Segment Open
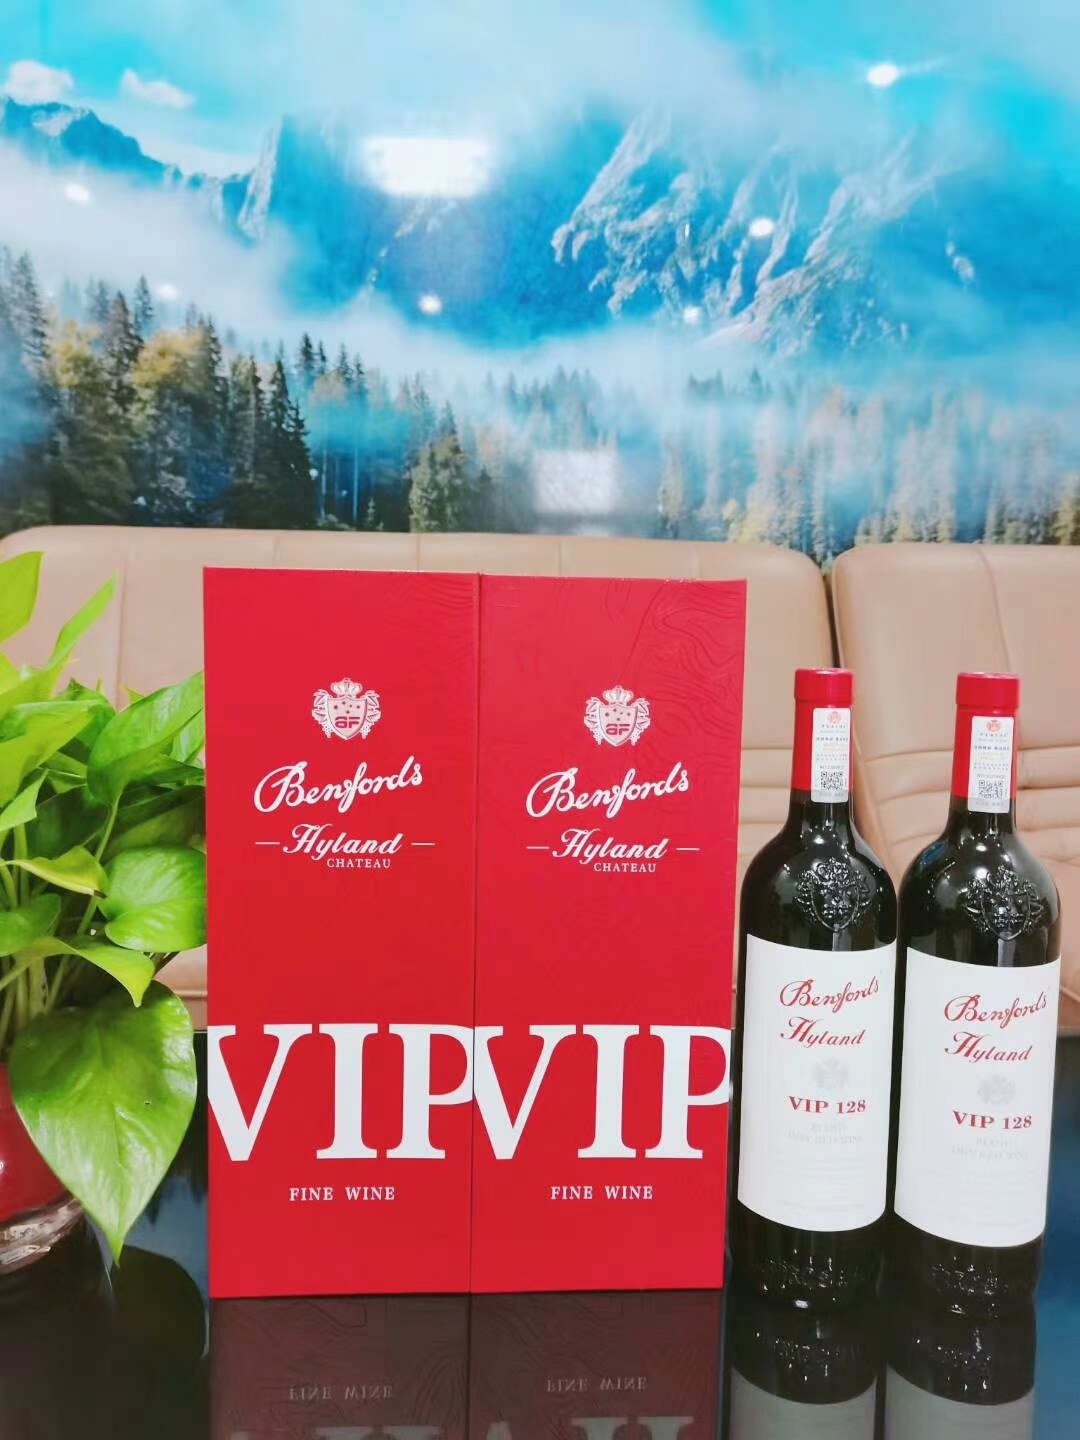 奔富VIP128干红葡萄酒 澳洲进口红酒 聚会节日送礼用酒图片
Segment Closed
Segment Open
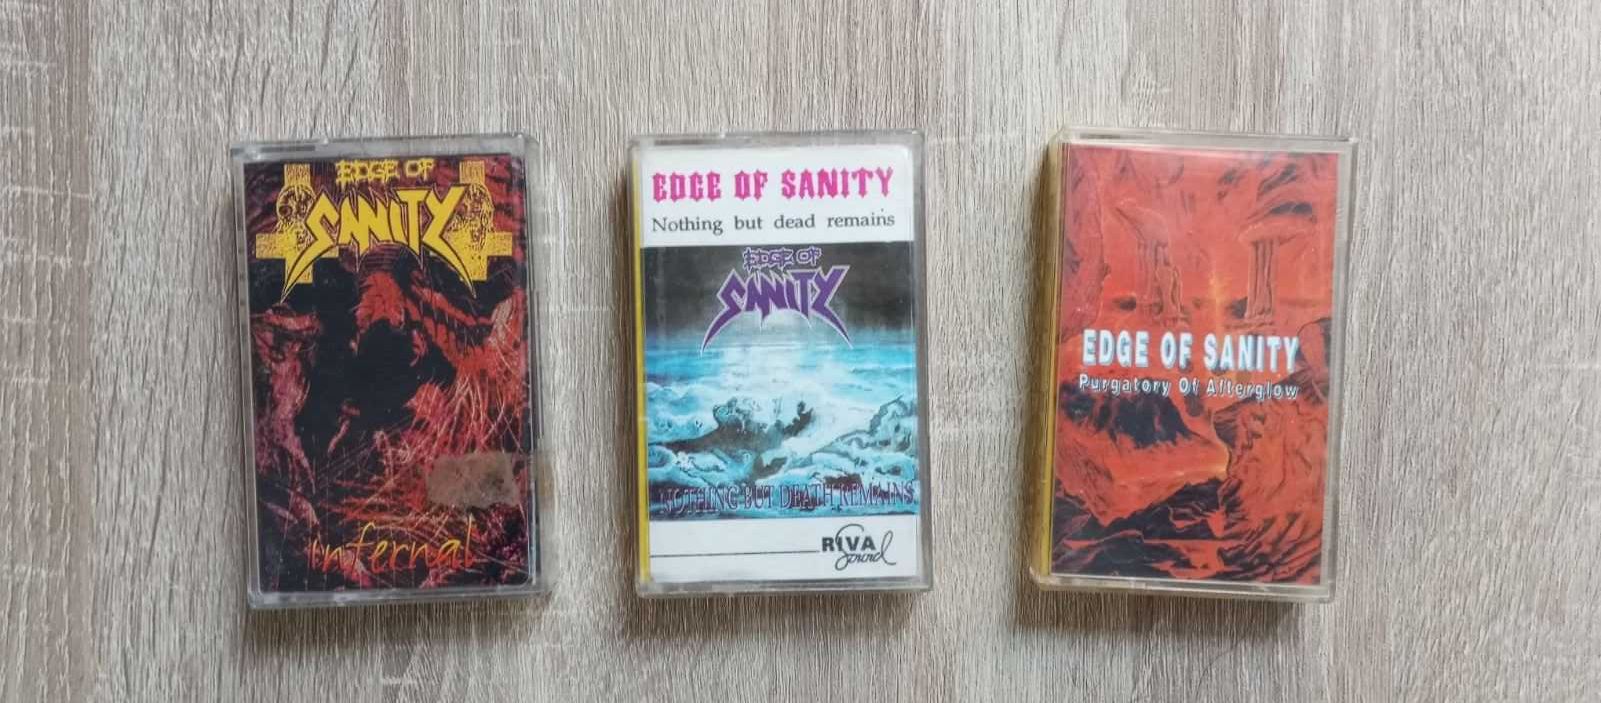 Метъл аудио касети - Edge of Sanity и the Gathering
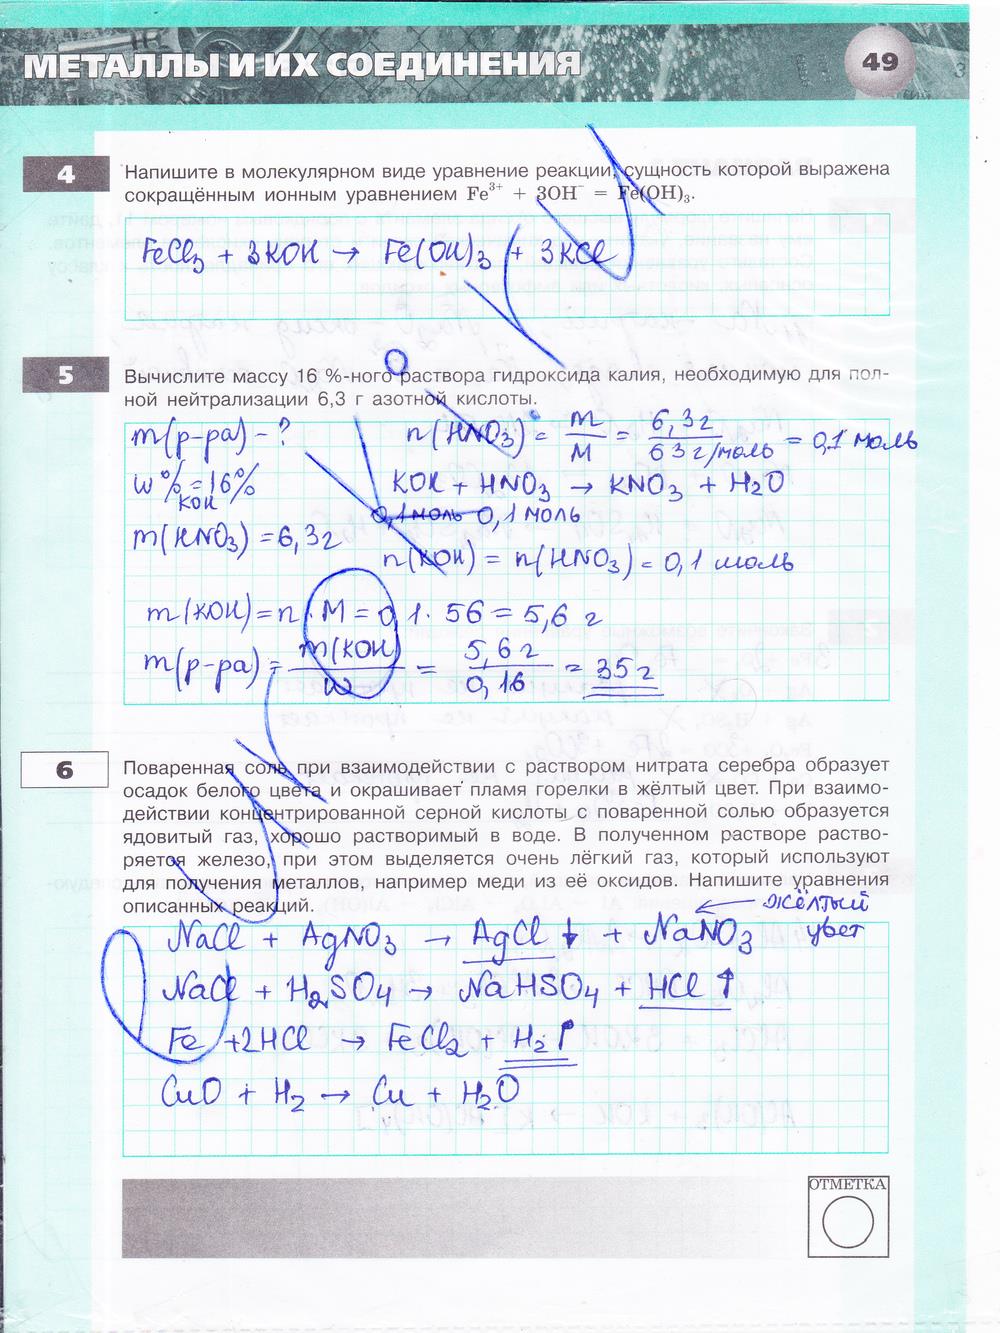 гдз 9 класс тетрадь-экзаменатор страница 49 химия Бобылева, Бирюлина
Segment Closed
* Problem description
Would you copy, word for word, only the lines above from the one containing "Метъл аудио касети" through the one containing "гдз 9 класс", both included, and please leave out the pictures?

* Output below
 Метъл аудио касети - Edge of Sanity и the Gathering
 гдз 9 класс тетрадь-экзаменатор страница 49 химия Бобылева, Бирюлина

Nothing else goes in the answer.